Within one and a half seconds of the two teams seeing each other in the same train car, the four men had one another at gunpoint, each with two hands on his pistol in a combat grip. Their extended arms and gun barrels meant their muzzles were within eighteen inches of one another.
Men and women all around them dropped to the floor or recoiled out of the way in all directions, but the four professionals stood still as stones in the middle of the train car.
—
It was clear to Chavez these were North Koreans; he guessed they were members of their foreign intelligence service. He was surprised they were operating in the city with firearms, but, Chavez told himself, a gun was a decent tool for an assassin, so it stood to reason these guys were packing.
Caruso was on Chavez’s right, and as it happened, he had his gun on the man directly in front of Chavez, while Chavez himself was targeting the man just six feet in front of Caruso.

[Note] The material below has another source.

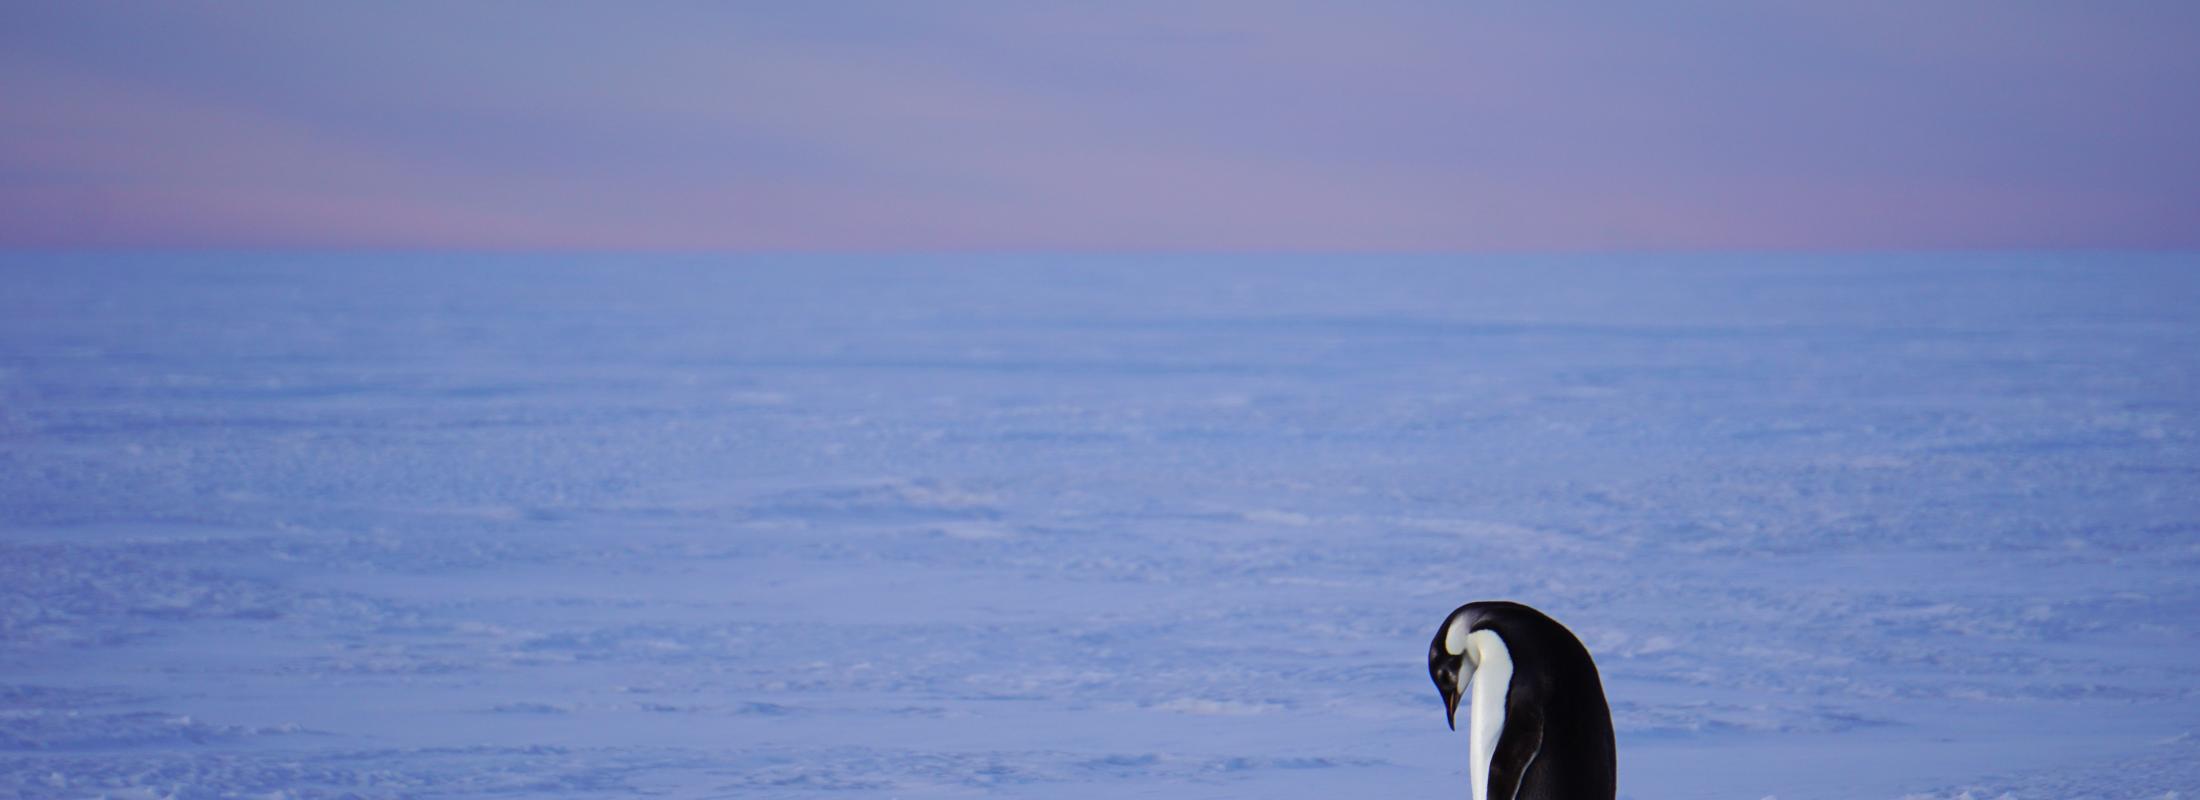 Emperor Penguin by Ian Geraghty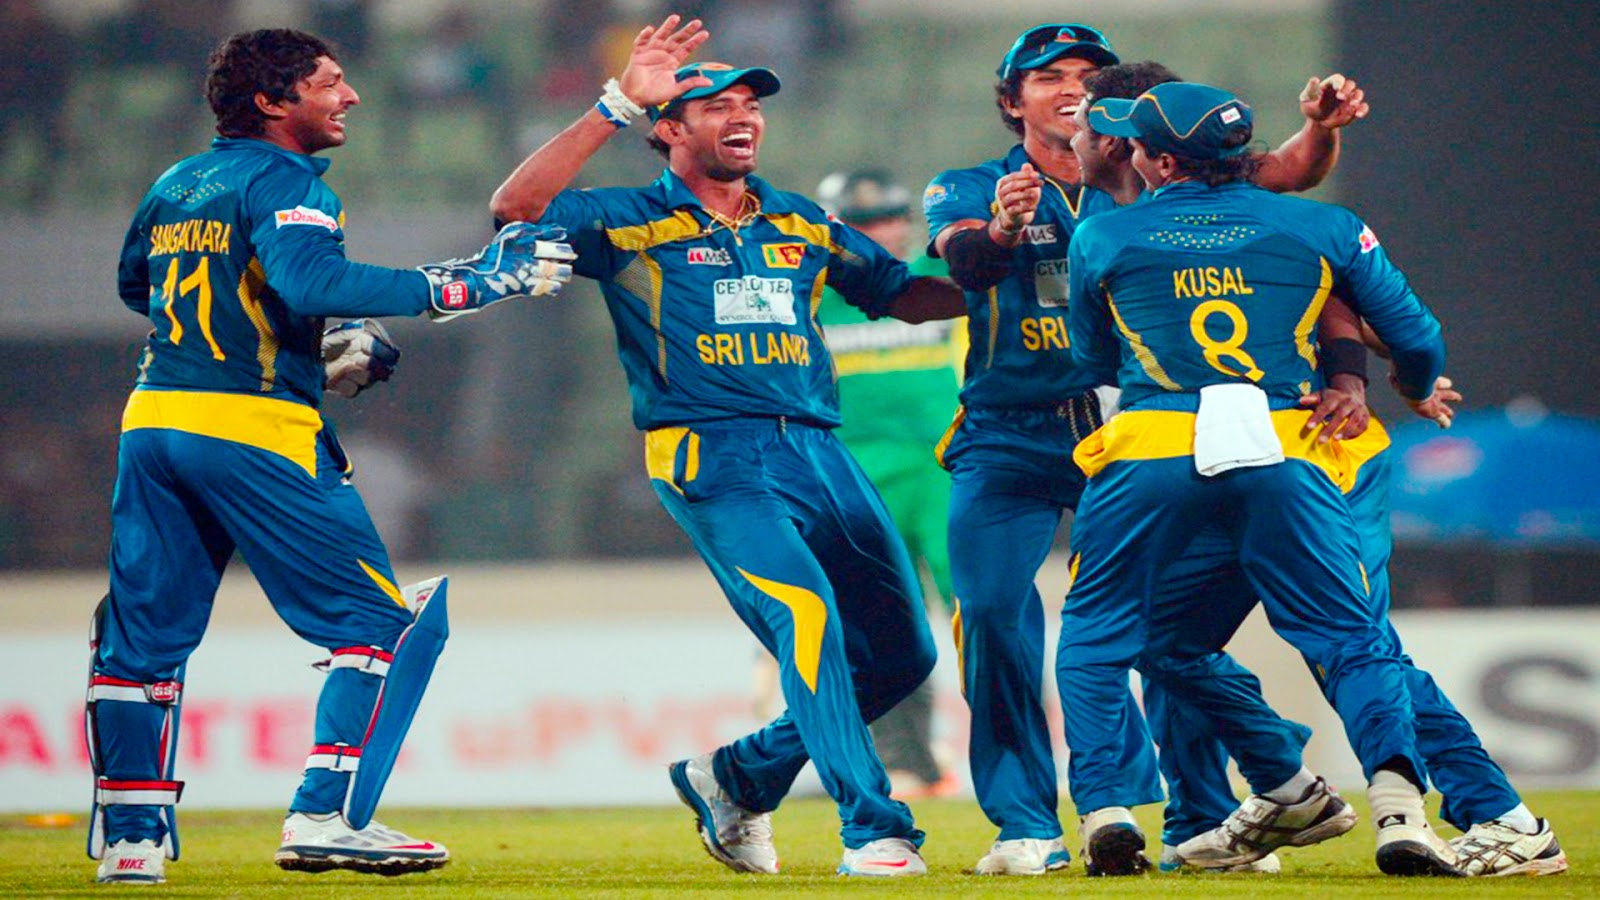 Sun Idiotbox: Sri Lanka vs Bangladesh, ICC Cricket World Cup 20151600 x 900

The North Koreans had crossed their aim as well. The four weapons formed a near-perfect X that rocked and rolled with the rhythm of the moving train, and Chavez couldn’t help but think about the fact that he and the other three men would catch simultaneous point-blank rounds to the head if anybody on this train car so much as even sneezed.
He pictured what that would look like to the captive audience here. One extra-loud bang and four armed assholes dropping dead to the floor in a massive pool of blood.
That would be one hell of a vacation memory for all the tourists on the train.
No one said anything for the first few seconds, so Chavez took the role of master of ceremonies. “English? Either of you boys speak English?”
Sweat covered the brow of the man at the end of Chavez’s notch-and-post gunsight. Chavez didn’t look at the man in front of him, because that was Dom’s responsibility, and he knew Dom would have that guy covered.
Chavez’s man, dripping with sweat, had eyes that were wide and alert, but he did not seem panicked. He said, “I speak English.”
Chavez nodded. “That’s good.” He smiled a little, trying to bring even the slightest bit of calm to the scene. “This is a mess, huh?”
The North Korean didn’t reply.
Chavez continued, “I bet you and your partner want to go home tonight just like me and my partner. Am I right?”